By: CH (MAJ) Joseph Messinger, USA
Chanukah 2009 found me deployed to Afghanistan in support of the 82nd Airborne’s mission to provide comprehensive Jewish religious coverage and support for Operation Enduring Freedom. It was a year full of battlefield circulation, patrols, convoys, a visit to the country’s last synagogue and last Jew, and even serving as a rabbinic kosher certifier of raisins, which in turn were exported to the global community. Naturally, I could not be everywhere, and I would collect stories of what the holidays were like in other locations.
One day shortly after Chanukah, I met a Battalion Chaplain who looked at my name and Chaplain insignia and said, “Messinger… Yes!
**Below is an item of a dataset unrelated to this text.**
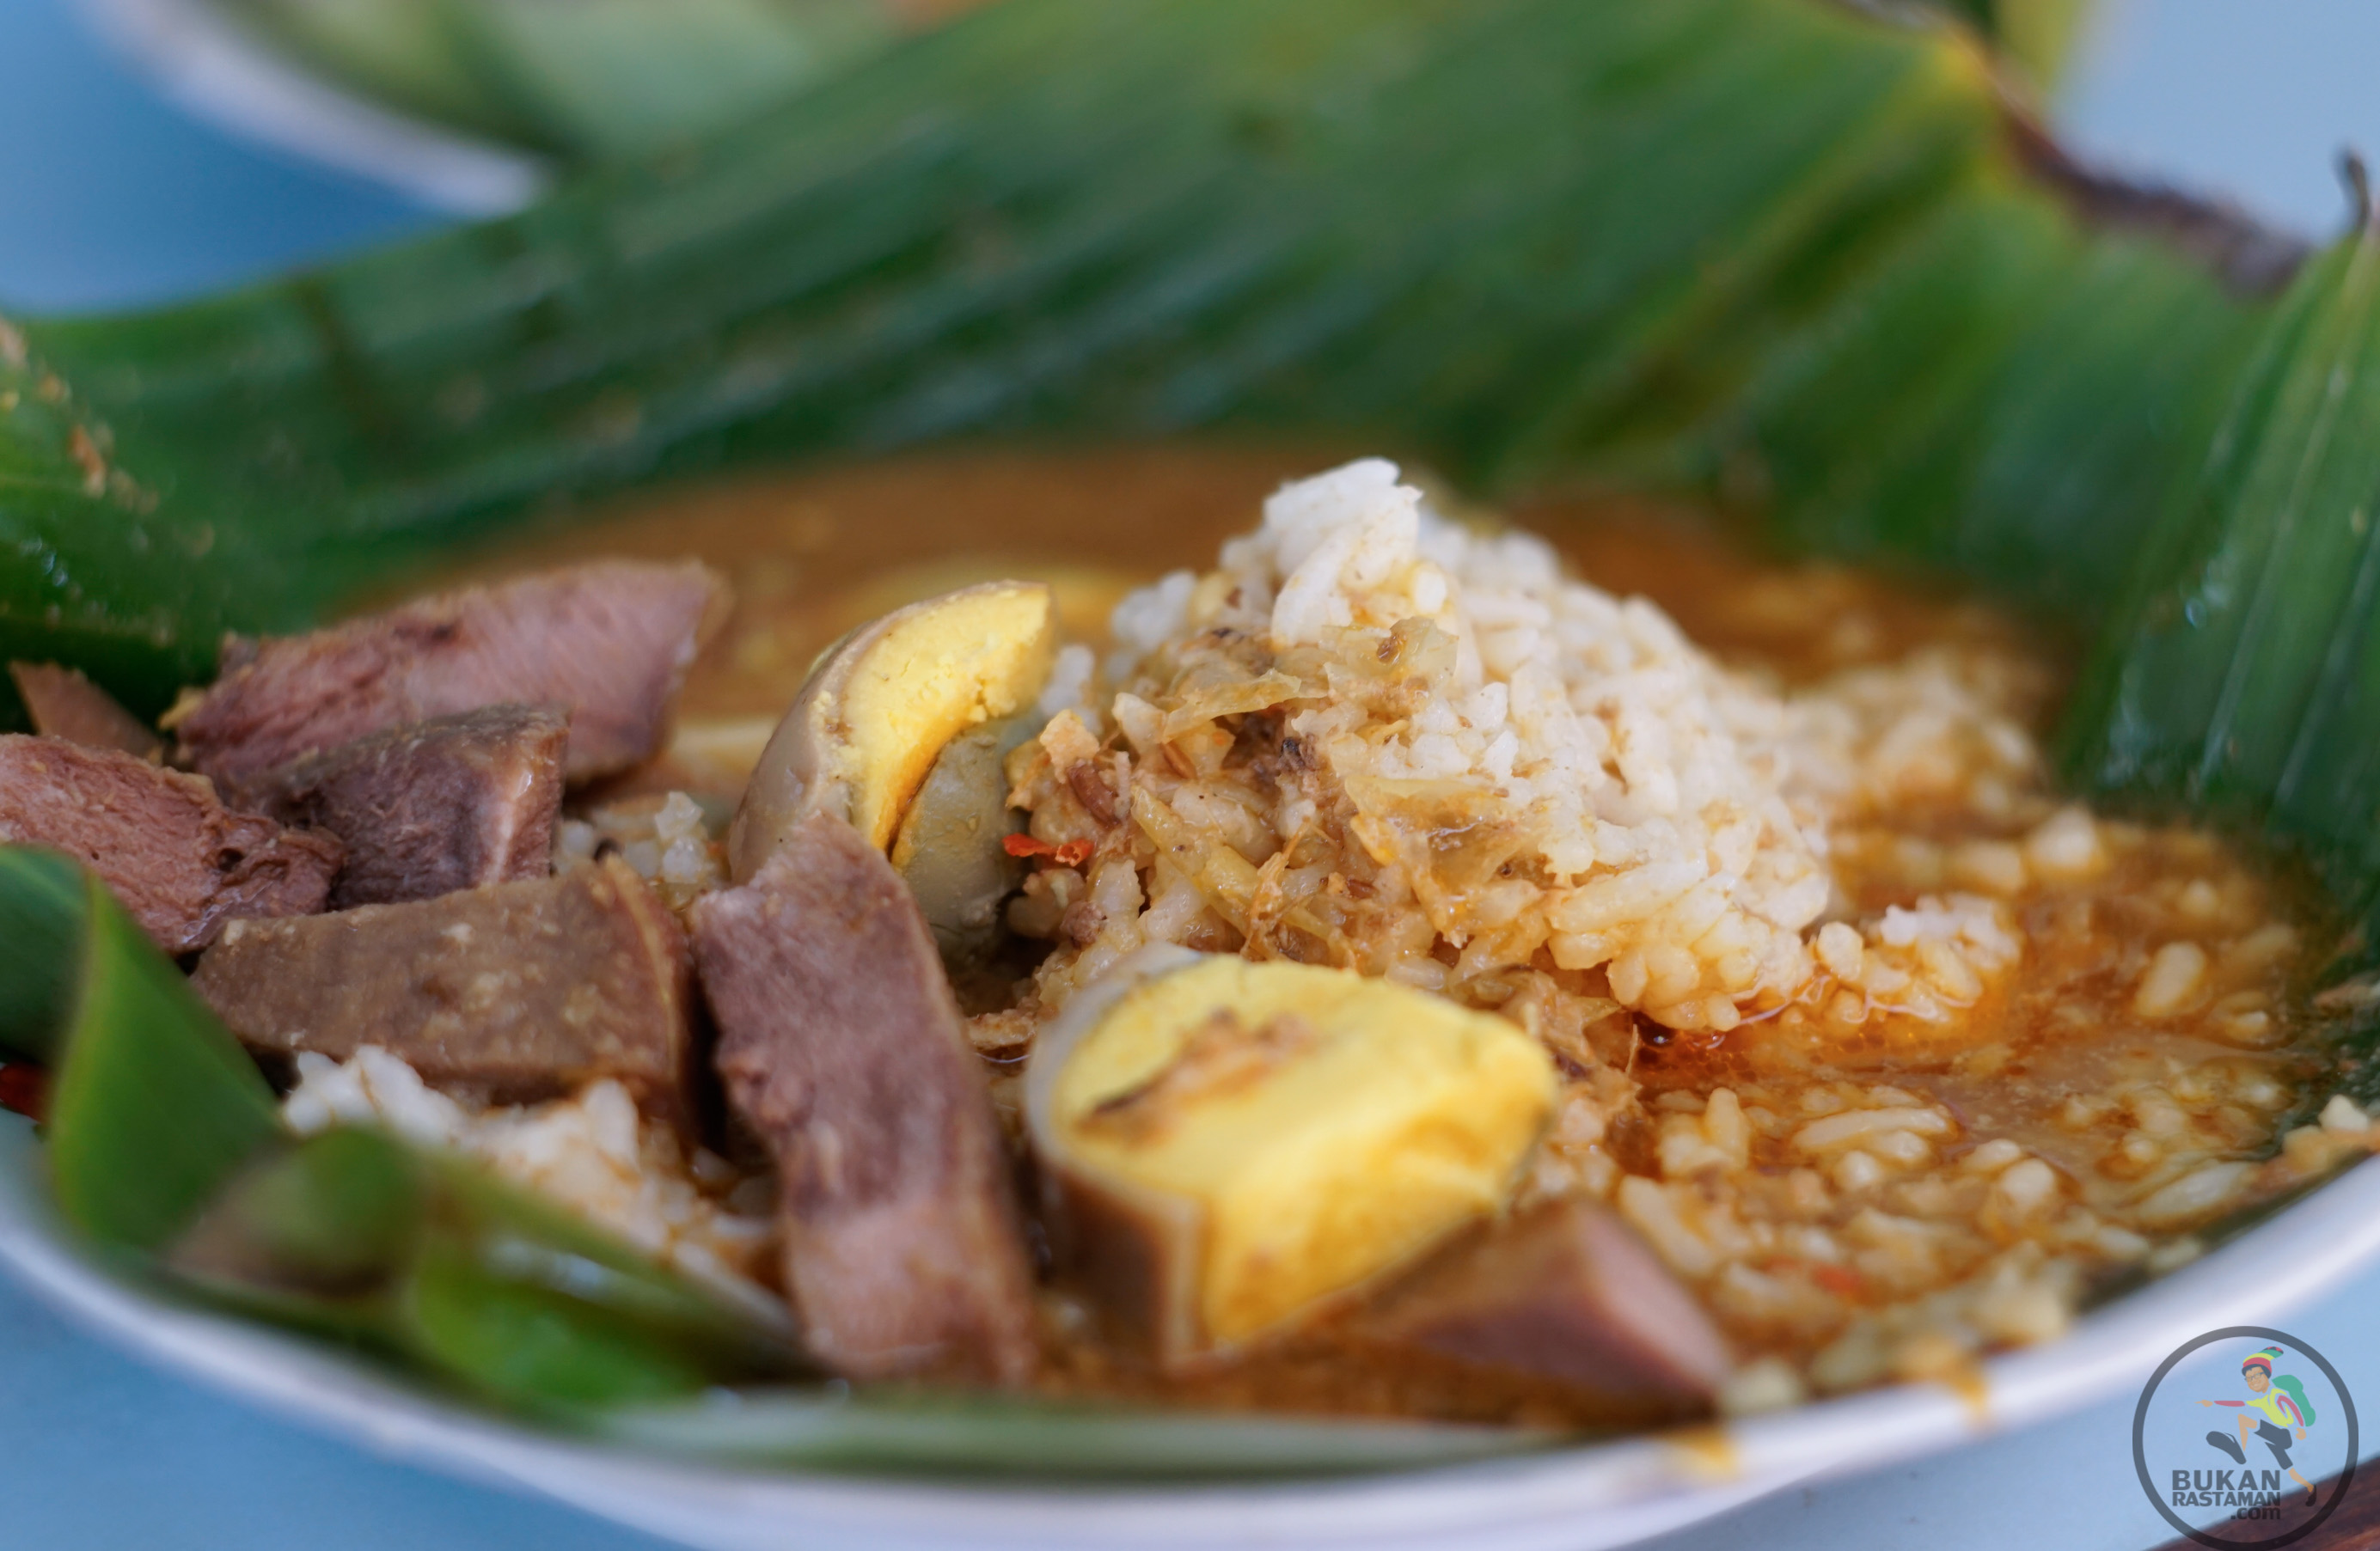 Nikmatnya Nasi Gandul Khas Pati Jawa Tengah Bukanrastaman

I’ve been getting your emails. Thank you! I want to show you a video.” This Chaplain was from a unit that was forward deployed to a tiny COP (Combat Outpost) near the Durand Line. The Durand Line starts in Iran, ends in China, and bifurcates Afghanistan and Pakistan. At the southern border of the Hindu Kush, the elevation is high and both the roads and sky are not easily traversed. It is not a friendly place for Americans.
So out comes his camera and he proceeds to play a series of videos. At first it was hard to see what I was looking at. I thought it was a video of the sun—sometimes the sun can shine so brilliantly that the image resolves as a dark sky and a bright ball of light. But these lights were slowly falling earthward and then illuminating the jagged edges of the mountainous and booby-trapped Hindu Kush. What I was looking at were phosphorus flares used as battlefield illumination. They are fired from artillery, and when they go off, they momentarily turn the impenetrable blackness of a mountain night into high noon. Like mini-suns, they shine and turn the concealed visible. Now seeing this in person is amazing, but why was this Chaplain showing me these video clips? Why so many, and why did each video add another phosphorus flare?
And then he explained. “A few of my Soldiers are Jewish. I had candles, dreidels, and other holiday items for them, but being so far away from home, I wanted to make sure that my Soldiers had a special and memorable Chanukah, and even bring them a little closer to God. I wanted to do something more for them. So I spoke with my command and coordinated at the Company level that every night of Chanukah an appropriate number of flares would be fired into the sky. On the first night of Chanukah we shot off one, and then each subsequent night added another, until there were eight simultaneous flares hanging in the deep night, illuminating two countries!”
I was amazed. A story made possible only by US Military Chaplaincy: a Protestant Christian ministering to the needs of Jewish Soldiers, with the sincerest wish of helping them connect to their heritage and ultimately the meaning of life.
Internally, I wonder what’s the other half of the story? I would like to believe that on those nights of Chanukah, multiple attacks of enemy combatants were thwarted. Shadowy figures slowly creeping in and infiltrating the switchbacks of the mountain terrain were caught off guard and wondered how those Americans knew where they were. “Ok,” says one to the other, “We’ll try again tomorrow!” But the next night… “Oh no!” he declares again and again, “Look at those lights! They must know we are here!” But who can know every detail in the vast tapestry
of history?
What I do know is that just as the ancient Maccabees looked to G-d for a light to guide their ways and firm their footsteps, this fellow Chaplain, in the highest tradition of the United States Military Chaplaincy, did the same for his Jewish Soldiers with undoubtedly the brightest Chanukah menorah ever lit! Yarmulkes on and hats off to you, brother Chaplain! Pro Deo et Patria!